Essence of Norman Hunter

There is not much happening this evening in the Strachan domicile; nothing of any note anyway. If I’d to accurately describe the scene as I write, my wife is watching Corrie by candle light whilst I’m slouched on a seat at the dining table. Not the most comfortable environment in which to ply penmanship; I really need to invest in a more forgiving chair and a proper writing desk.

The wax candle that flickers on the hearth in the lounge area is that of the scented variety. I purchased it at an out of town store and is football themed from their Revie Heroes range. The one burning now apparently has the scent of 1960s/70s defender Norman Hunter.

I can’t vouch for the authenticity of this essence of the former England hardman. However, if the odour is accurate then Norm smells like a mixture of liniment rub, TCP antiseptic and gunpowder. As a result, our front room currently has the calming aromatic amalgam of football changing rooms and a firework factory.

I met Norman Hunter a few years back during an evening of footballing anecdotes at the Old Peacock pub, opposite Leeds United’s Elland Road ground. Following his tales of footballing yore, he signed me a picture of him celebrating Leeds’ winning FA Cup final goal in 1972.

During this time I don’t recall any redolence of liniment rub, TCP antiseptic and gunpowder. However, if truth be told, I didn’t get too close to big Norm. This distancing resultant of respectful fear of the uncompromising centre back. A nervousness I’ve lived with since first watching him play live at Elland Road; this childhood initiation ceremony taken with a backdrop of a 1-0 win  against Southampton in September 1970.

My wife Karen is from a north east England town adjacent to Hunter’s childhood village home of Eighton Banks. As she scares the crap out of me as well, there maybe something in the water around that former mining area!

Image result for Norman Hunter Leeds

Anyway, I thought the Revie Hero scented candles was a novel idea and as a tribute to my childhood idols I purchased a couple.

It has to be said mind you, although quirky, I’m not sure the aroma is pleasant enough to be commercially viable……. Well, unless you are partial to the aroma in your abode being underpinned with football changing rooms and a firework factory.

I haven’t lit the Jack Charlton candle yet, but according to its packaging it has a sweet aroma of John Toshack’s shinbone, Joe Royle’s chewed ear and cinnamon. I shall save that for the weekend. It should be a perfect accompaniment to Karen and my romantic M&S ‘meal for two’. This date night a monthly affection-less arrangement which I’m obliged to attend to receive a list of tasks I’ve to complete within the next four weeks.

Here, as we listen to the authoritative 1972 FA Cup final commentary of Bryon Butler and Peter Jones on vinyl LP, we’ll shout not so sweet nothings, while watching the rare steaks run as red as John Toshack’s shinbone following 90 minutes of playing against Big Jack.

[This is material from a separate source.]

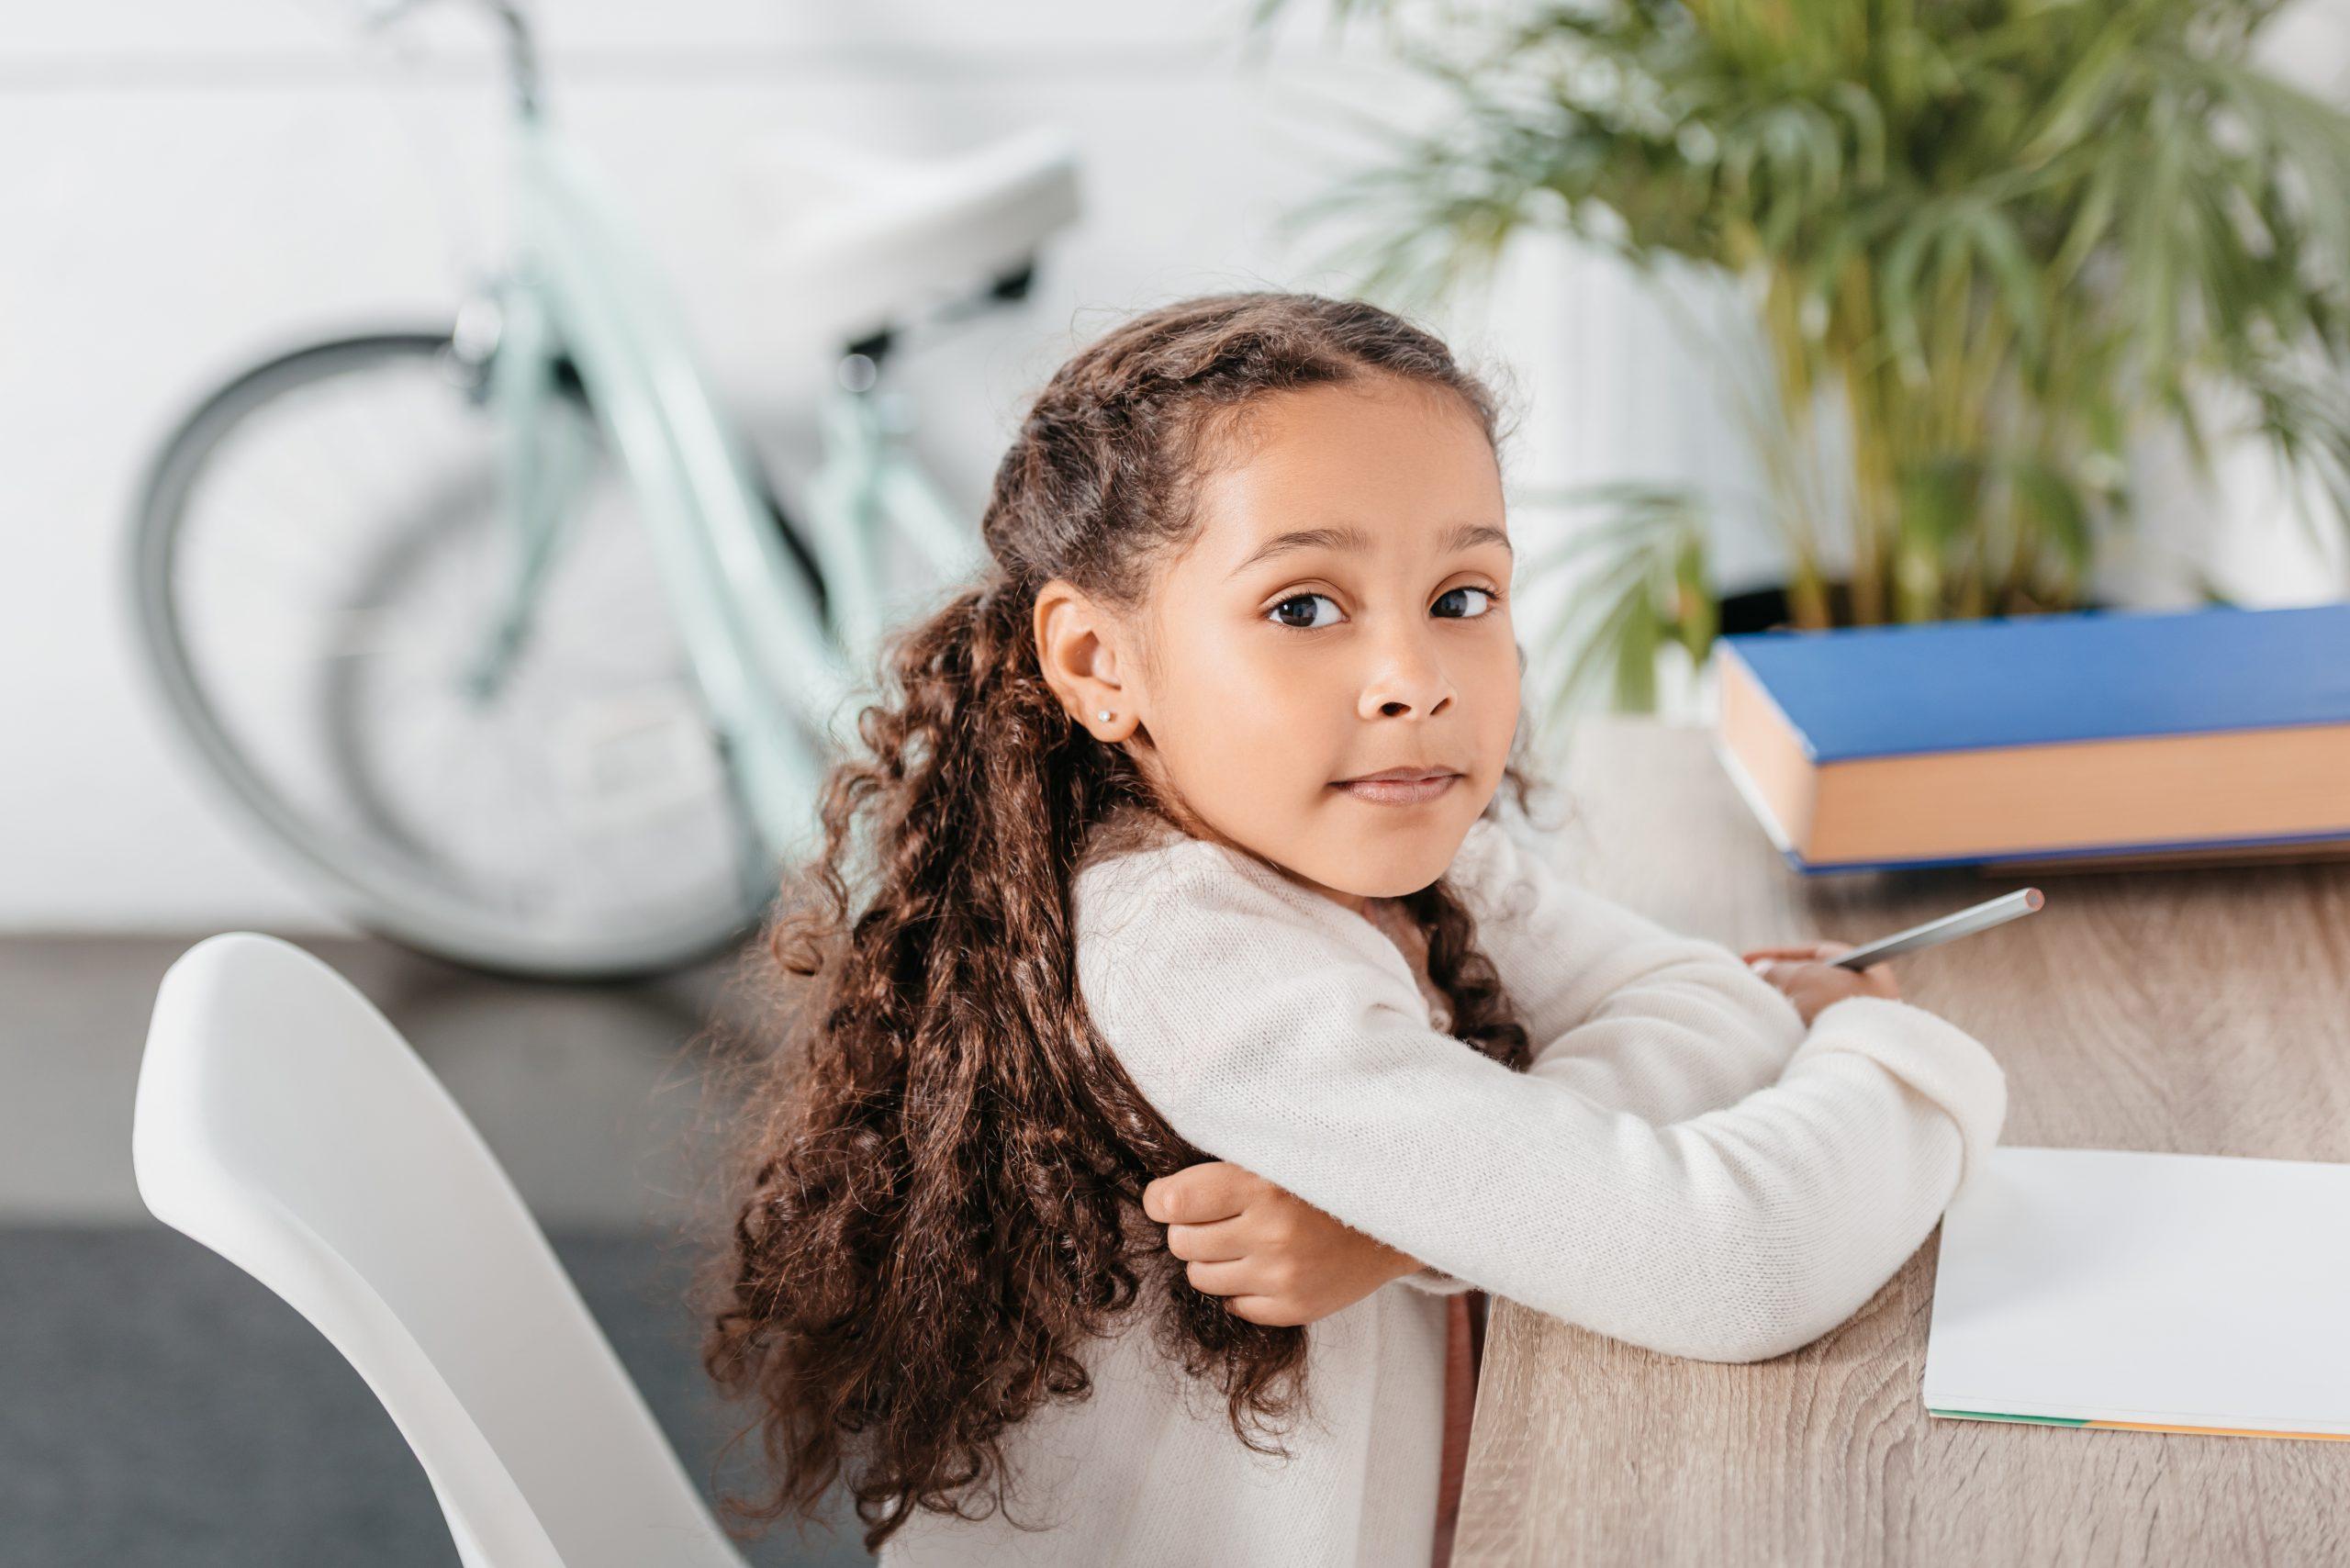 penteados infantis scaled - Chega de choro: como pentear o cabelo infantil sem sofrimento

Admittedly, this fusion of old school 1970’s football and the contemporary fashion of scented candles are unlikely bedfellows. But we shouldn’t forget the uncompromising heroes, moulded by the meticulous planning of manager Don Revie, were also an innovative side.

In his time as boss they changed to the iconic all-white kit, became the first team to wear numbered sock tags, embraced a smiley face influenced badge and had the accolade of being the first top flight British team to have a trainer called Cocker.

In the days of the catch all qualities of the magic sponge for on field player injuries, there was often no stretchers. The sight of the diminutive Les Cocker carrying off a player the size of Joe Jordan with a fireman’s lift is etched in my psyche as indelibly as the scars on these warriors limbs.

Right, I shall bid you farewell and bring this blog to an end.

When I say farewell I mean I’m concluding this narrative, not that I’ve had enough and I’m going to jump off the nearest tall building.

For a start, this part of Leeds doesn’t have many lofty structures, meaning I’d have to drive all the way into the city centre to find a high building…… I’m not going to all that effort to ‘escape from it all’.

The parking isn’t cheap either so if I backed out, necessitating a return to my car, I’d have a hefty parking fee or worse a £60 ticket.

Anyhow, bearing serene thoughts introduced by exposure to this scented candle evoking sweet memories. Consequently, jumping from the Town Hall roof is the furthest thing from my mind.